_AIM OF THE TASK:_ Below is a listing; restate from it, character for character, the lines beginning at the line holding "Dirigentes del MAS" and ending at the line holding "Britannia 2020 1", both included.

BEGIN PROVIDED DATA

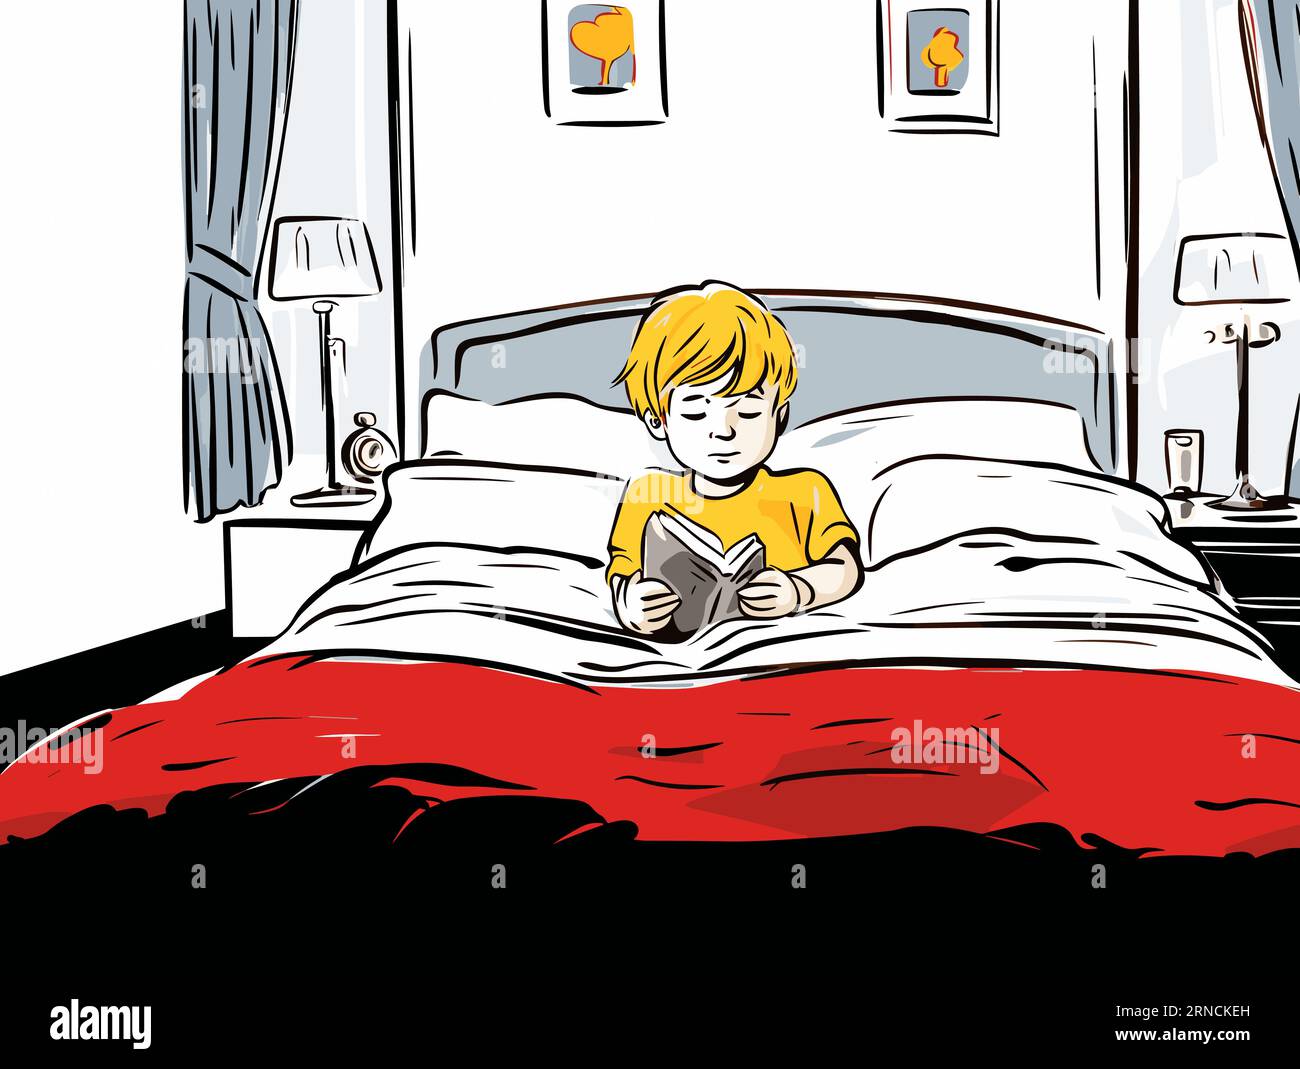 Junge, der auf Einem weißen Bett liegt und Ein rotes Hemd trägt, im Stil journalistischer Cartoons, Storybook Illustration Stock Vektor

END PROVIDED DATA
BEGIN PROVIDED DATA

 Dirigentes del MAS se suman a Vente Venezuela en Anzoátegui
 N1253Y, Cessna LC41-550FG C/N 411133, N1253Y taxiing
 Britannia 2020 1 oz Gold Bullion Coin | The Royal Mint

END PROVIDED DATA

_ANSWER BOX:_
 Dirigentes del MAS se suman a Vente Venezuela en Anzoátegui
 N1253Y, Cessna LC41-550FG C/N 411133, N1253Y taxiing
 Britannia 2020 1 oz Gold Bullion Coin | The Royal Mint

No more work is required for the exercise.